The :source:`slice definition file <components/blitz/resources/omero/Tables.ice>`
for the OMERO.tables API primarily defines two service interfaces and a type
hierarchy.


class :class:`omero.grid.Table`
    The central service for dealing with tabular data, described
    :ref:`below <tables-omero-grid-Table>`.

.. class:: omero.grid.Tables

    An internal service used for managing table services, and can be ignored
    for almost all purposes.

.. class:: omero.grid.Column

    The base class for column types which permit returning arrays of
    columnar values (Ice_ doesn't provide an :class:`Any` type, so it is
    necessary to group values of the same type). All columns in a table
    must have the same number of rows.


.. note:: Attribute names (including column names) beginning with `__`
    (double underscore) are reserved for internal use. This restriction was
    introduced in OMERO 5.1, Tables created by older versions should continue
    to work.


Single value columns
^^^^^^^^^^^^^^^^^^^^

These columns store a single value in each row.

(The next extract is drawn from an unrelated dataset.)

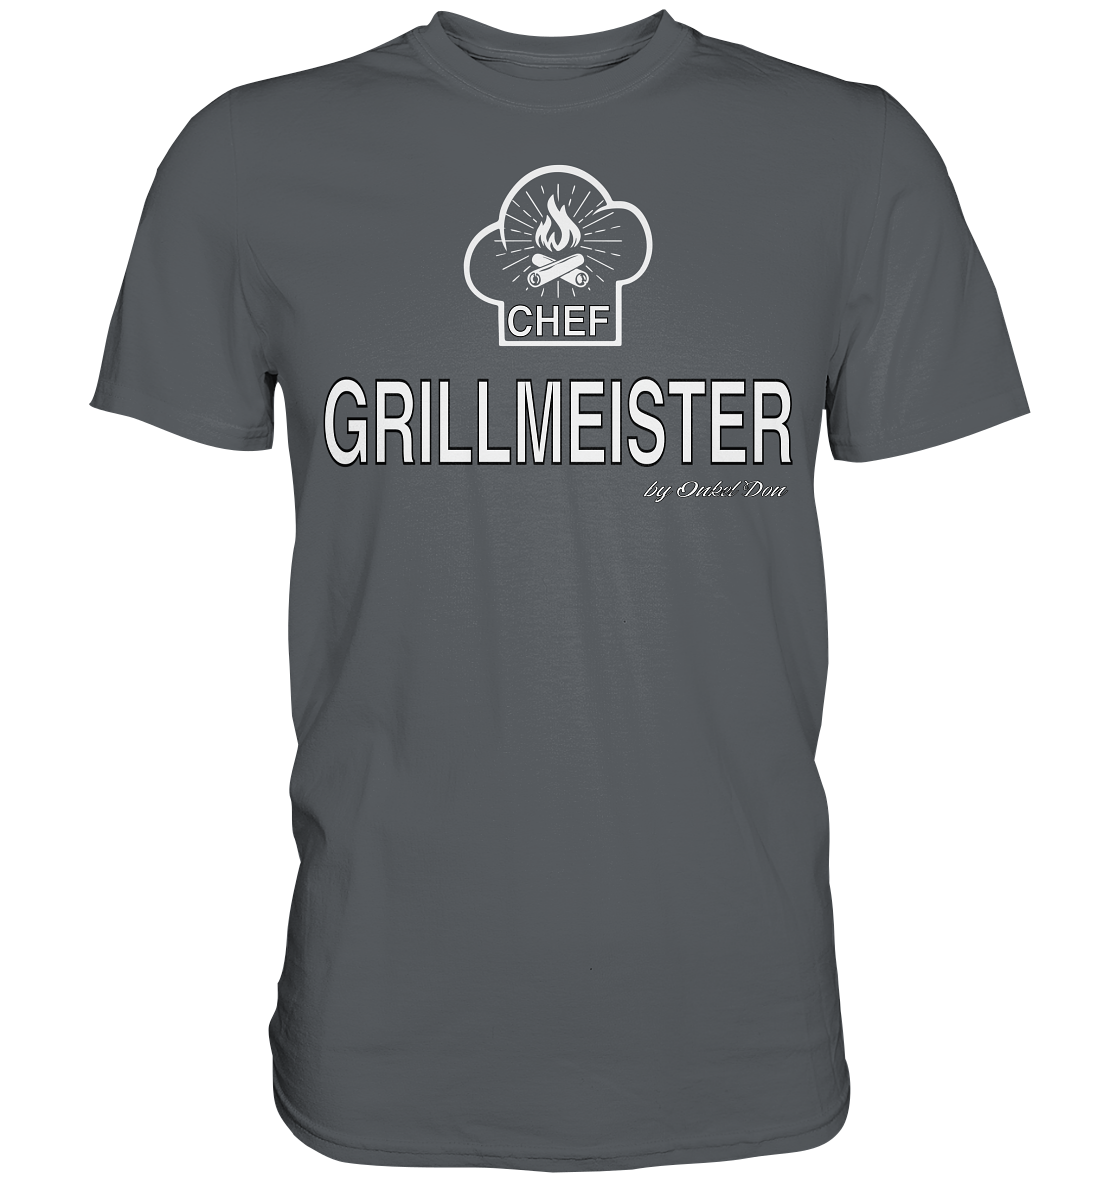 Grillmeister#2 - Herren Shirt - Onkel Don

.. class:: omero.grid.FileColumn(name, description, [values])
           omero.grid.ImageColumn(name, description, [values])
           omero.grid.RoiColumn(name, description, [values])
           omero.grid.WellColumn(name, description, [values])
           omero.grid.PlateColumn(name, description, [values])

    Id-based (`long`) columns which reference :class:`omero.model.File`,
    :class:`~Image`, :class:`~Roi`, :class:`~Well` and :class:`~Plate`
    instances respectively.

.. class:: omero.grid.BoolColumn(name, description, [values])

    A value column with `bool` (non-null) values.

.. class:: omero.grid.LongColumn(name, description, [values])

    A value column with `long` (non-null, 64-bit) values.

.. class:: omero.grid.DoubleColumn(name, description, [values])

    A value column with `double` (non-null, 64-bit) values.

    :param string name: The name of the column, each column in a table must
        have a unique name.

    :param string description: The column description, may be empty.

    :param [] values: A list of values (one value per row) used to initialize a
        column (optional).

    .. attribute:: values

        A class member holding the list of values stored in the column.


.. class:: omero.grid.StringColumn(name, description, size, [ values])

    A value column which holds strings

    :param string name: The column name.

    :param string description: The column description.

    :param long size: The maximum string length that can be stored in this
        column, `>= 1`

    :param string[] values: A list of strings (optional).


Array value columns
^^^^^^^^^^^^^^^^^^^

These columns store an array in each row.

.. class:: omero.grid.FloatArrayColumn(name, description, size, [values])

    A value column with fixed-width arrays of `float` (32 bit) values.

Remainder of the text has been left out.